Secured loans for bad credit
Secured loans are a practical option for borrowers with poor credit scores. These loans are backed by collateral, such as a car, savings account, or other valuable assets. The presence of collateral reduces the lender’s risk, making them easier to qualify for. Secured loans often come with lower interest rates and more favorable terms compared to unsecured loans. However, if you fail to repay the money as agreed, the lender has the right to seize your collateral to recoup losses.
Payday alternative loans
Payday alternative loans (PALs) are small, short-term loans offered by certain federal credit unions as a safer and more affordable option compared to traditional payday loans. These loans are designed to help borrowers who need quick access to cash but may have difficulty qualifying for other types of funding due to poor scores. PALs typically have lower interest rates (capped at 28%) and fewer fees than other bad credit loans with guaranteed approval and come with more reasonable repayment terms. To qualify for a PAL, you need to be a member of the credit union for at least one month and meet certain income requirements.
Loans with co-signer
A final option is to find a co-signer with a good score. Adding a co-signer reduces the risk for the lender, so they are more likely to approve the loan with favorable terms. The catch is, if you fail to make payments, the co-signer is responsible for the money, and their score will also suffer. Before you add a co-signer, make sure both of you understand the ramifications and have a repayment plan in place.

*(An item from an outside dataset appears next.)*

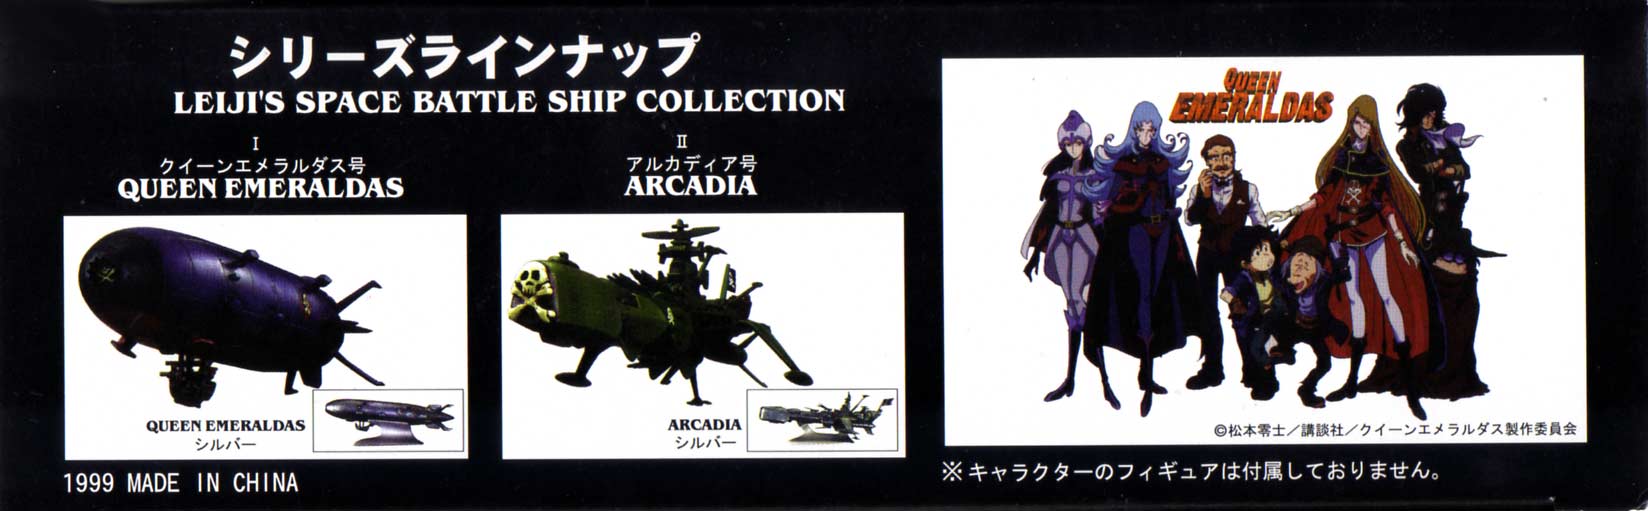 Packaging (gauche) de l'Arcadia de Mabell de la collection Leiji's Space ship

How credit scores affect loan rates
Credit scores play a crucial role in determining the interest rates and terms of a loan. Lenders use scores to assess the risk of lending to a borrower. A higher score indicates low risk, leading to more favorable terms and lower interest rates. Conversely, a lower score signals high risk, resulting in higher interest rates and stricter terms.
A 500 rating falls in the poor range on the FICO scale. A score this low is very high risk and indicates a poor credit history. It is below the minimum score required by most financial institutions and may disqualify you from borrowing.
If you are able to borrow money, you will most likely have to pay higher interest rates and additional fees, such as origination fees. The added charges help lenders compensate for the increased risk of default, but you will end up with higher fixed monthly payments and total interest costs.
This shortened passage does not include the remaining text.